8. Transportation and Storage
Plasmids, bacterial strains, and standard samples are all sealed in secondary containers, attached with hazardous material labels and SDS summaries, and transported on campus via designated routes and during specified time windows; external cooperation or shipment strictly follows channels with qualified carriers. Frozen inventory is backed up twice at -80 °C, and the consistency between labels and electronic records is verified regularly; expired samples are uniformly discarded after autoclaving.
9. Environment and Ethics
This project does not conduct any form of environmental release, field trials, or capture of wild vector insects; if entomological assessment is required, it will be limited to pathogen-free, long-term laboratory-reared strains in a qualified entomological laboratory, and will comply with the ethics and safety regulations of the corresponding institution. We do not collect human samples or conduct volunteer exposure tests or skin patch tests.

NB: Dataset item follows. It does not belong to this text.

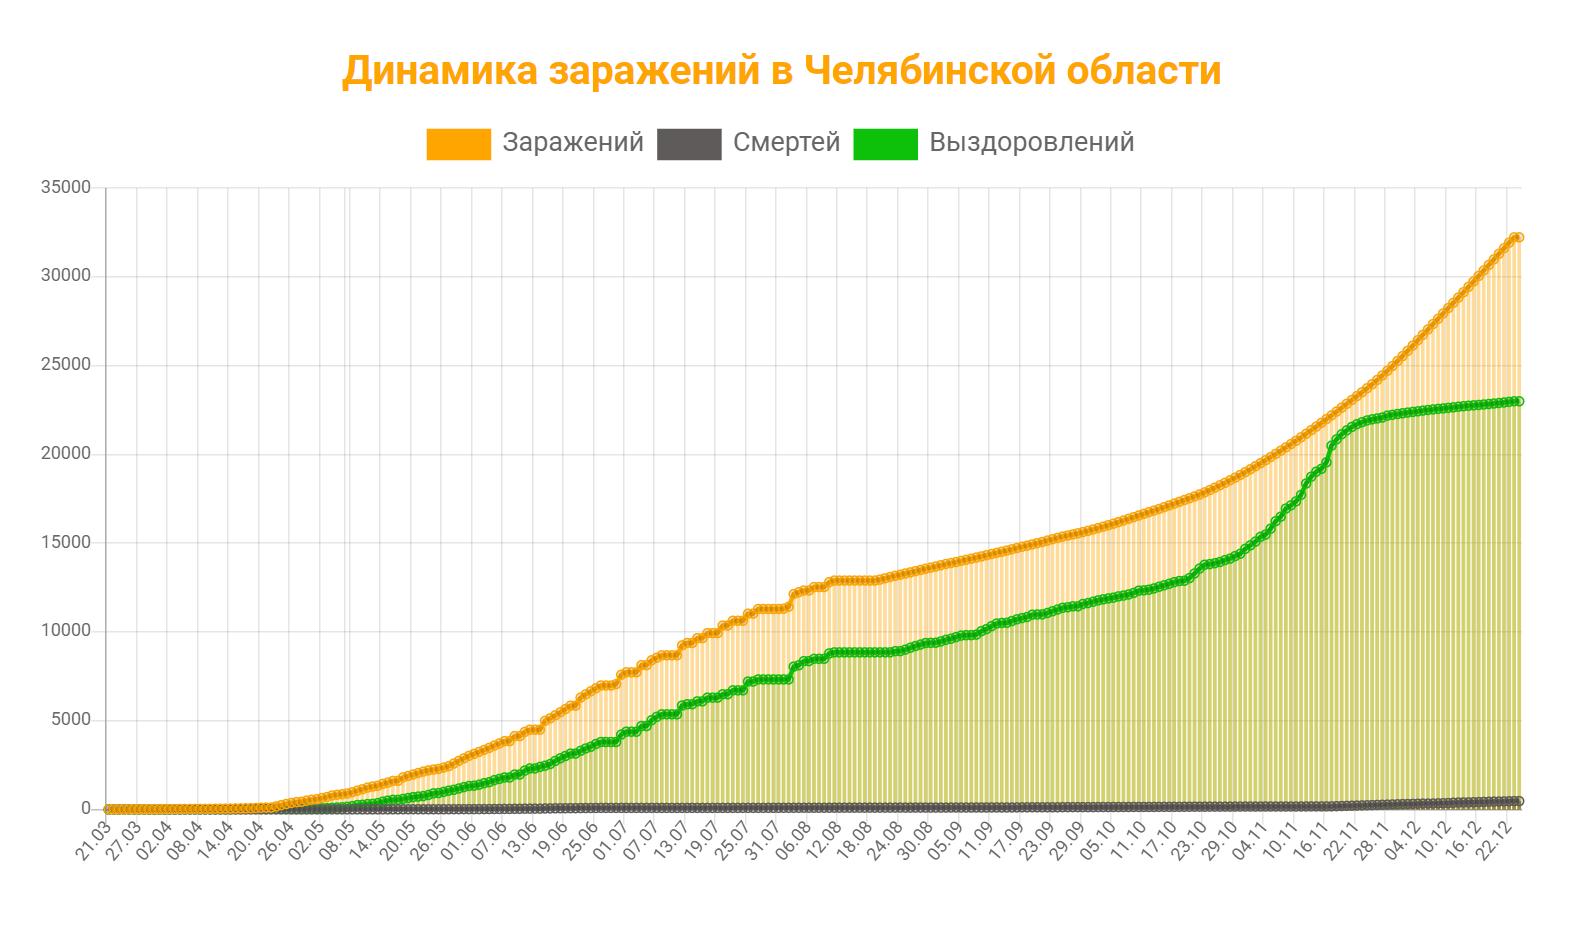 15 жертв COVID и 311 новых случаев зарегистрированы в Челябинской области за сутки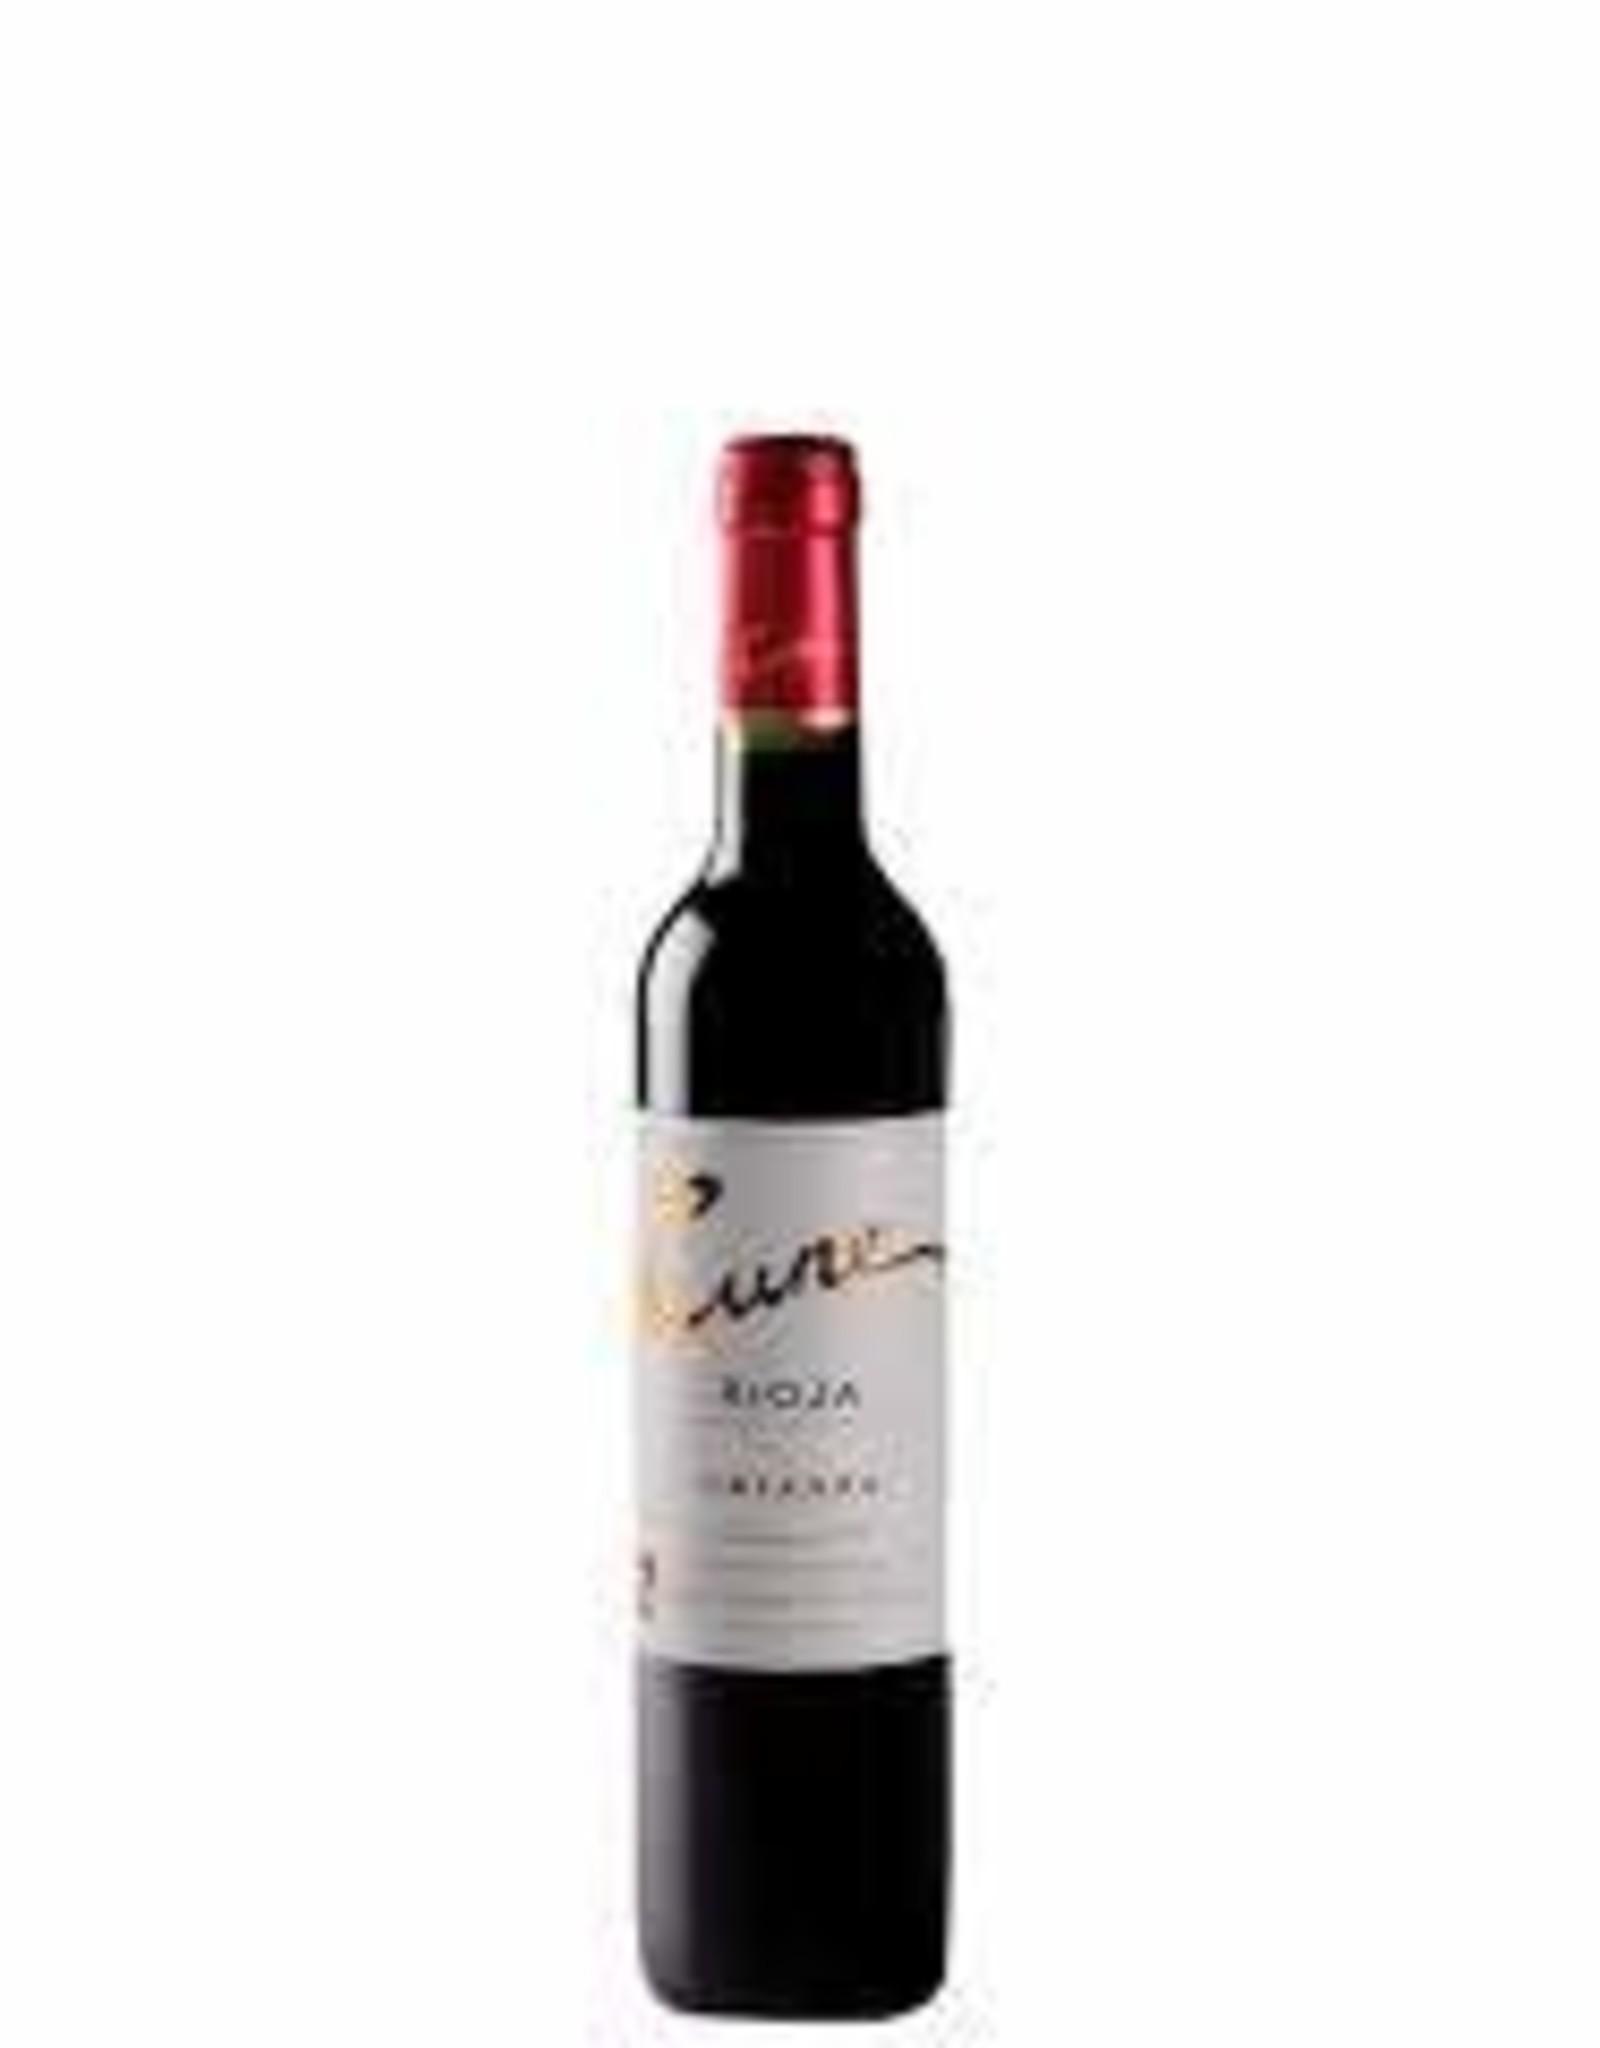 Rioja Crianza, CVNE (Cune) 2017 (375 ML)

10. Risk Assessment and Mitigation
At the pathway level, the main risks are the stress of intermediates/products on cells and the escape of volatile substances. We achieve flux balance through dual induction and hierarchical expression, prioritize ensuring that the intensity of the terminal GeDH is not lower than that of the upstream, and if necessary, adopt in-situ encapsulation/microextraction to reduce the peak concentration in the aqueous phase. At the experimental level, the main risks are the volatility and flammability of solvents and monoterpenes, which have been controlled through engineering measures such as fume hoods, low dosages, sealed transportation, and classified disposal. At the organizational level, we have established a closed loop of pre-training, in-process inspections, and post-event reviews to ensure that "risks are identifiable, measures are implementable, and records are traceable".